Requirement 3: Admission Mechanism An admission mechanism is needed to effectively limit the unconstrained expansion of RPKI repository instances and enhance the scalability of RPKI infrastructure. As AS administrators gain a deeper understanding of RPKI technology, delegated RPKI has emerged as a trend, the number of repository instances has grown more than 12 times in the past five years. The rapid growth in the number of repositories increases the cost of RP refreshes and threatens the scalability of RPKI. Furthermore, since each repositories connects to all RPs in the world, the low barriers to running repositories and joining RPKI Repository will introduce unforeseen risks to RPs because some repositories may emerge with unexpected intentions. Regardless, RPs should ensure they establish connections with trusted and reliable nodes. Therefore, a secure and scalable RPKI Repository needs an admission mechanism to raise the threshold for operating repository nodes. For example, the addition of a new repository node should be reviewed by existing node members or other trusted entities. The review can include verifying node's real identity, the reputation of the node operator, and whether it can provide a robust, secure, and reliable service to RPs, among other factors. To implement an admission mechanism, it may be necessary to first implement "Decoupled from RPKI Authorities", because once repository nodes are bound to CAs, each CA has the right or need to operate its own repository.

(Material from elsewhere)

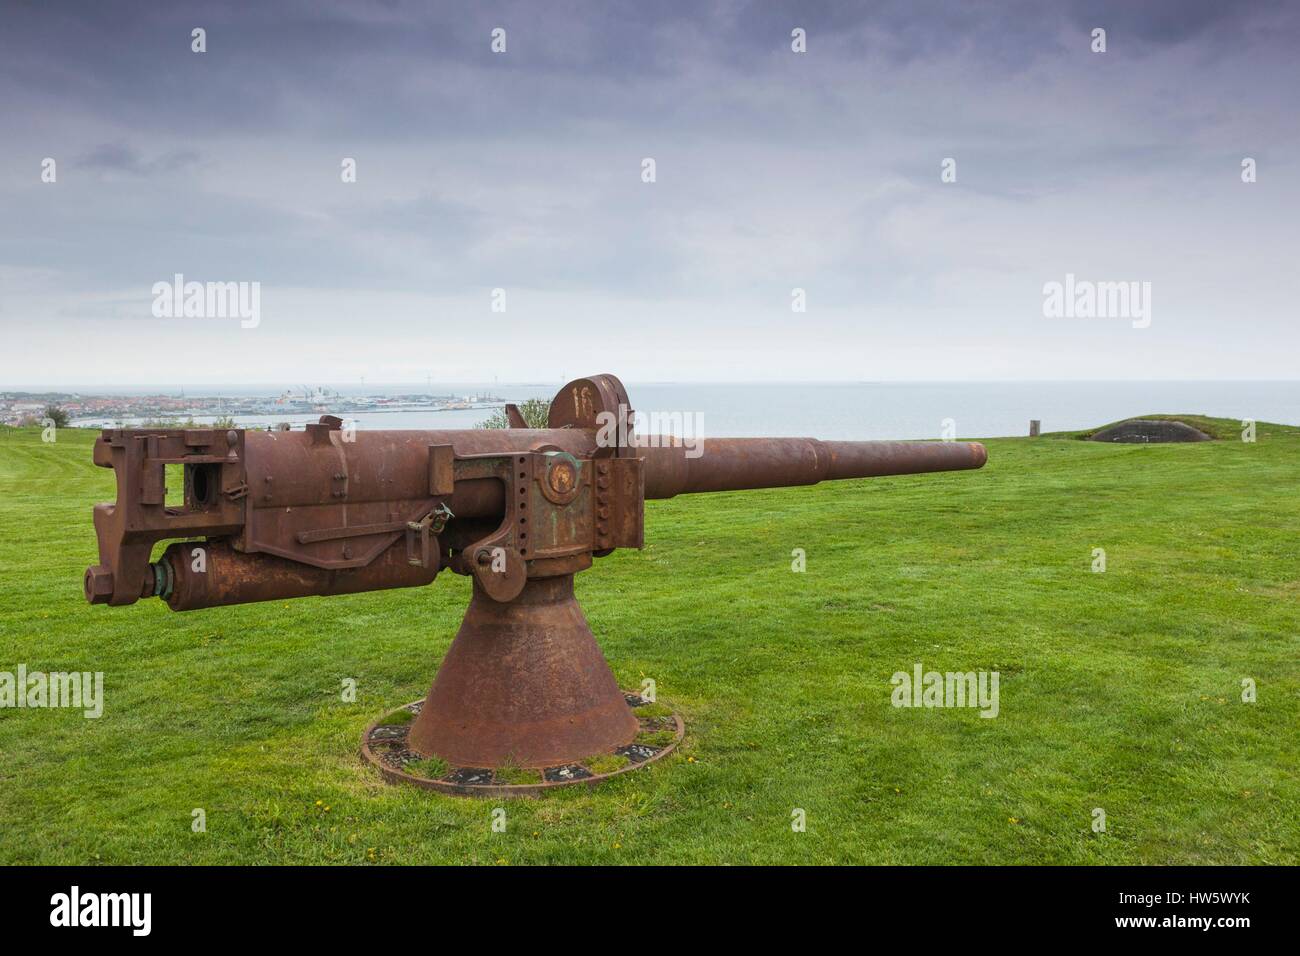 Le Danemark, Jutland, Frederikshavn, Bangsbo Fort, petit canon d'artillerie côtière Banque D'Images

Requirement 4: Be Compatible with Current RPKI Since the current RPKI is mature and widely deployed, the new RPKI Repository should not modify the RPKI hierarchical certificate issuance architecture and should not affect the existing RPKI certificate validation or the ROV process. It also should be compatible with current RPKI Repository architecture and supports incremental deployment.

Ethical Considerations This section will outline the ethical considerations regarding the RPKI Repository measurement and the worldwide survey. First, we strictly limited the rate and number of DNS resolving packets (sending 130,000 packets over 24 hours) to avoid causing much burden on the Internet. For IP-to-AS mapping, we used open-source data provided by RIPE NCC. We conducted access experiments on the RPKI Repository from six globally distributed probes (India, Dubai, Silicon Valley, Frankfurt, Beijing, and São Paulo), with each RPKI repository being accessed fewer than 10 times to avoid DDoS attacks on the repositories. For the survey, we obtained the contact information of AS administrators from open-source WHOIS mailing lists and provided an option for administrators to opt out of the survey. We did not disclose any additional information about the participating administrators or their feedback and ensured that their responses would be used solely for research.

Security Considerations TBD

IANA Considerations This document has no IANA requirements.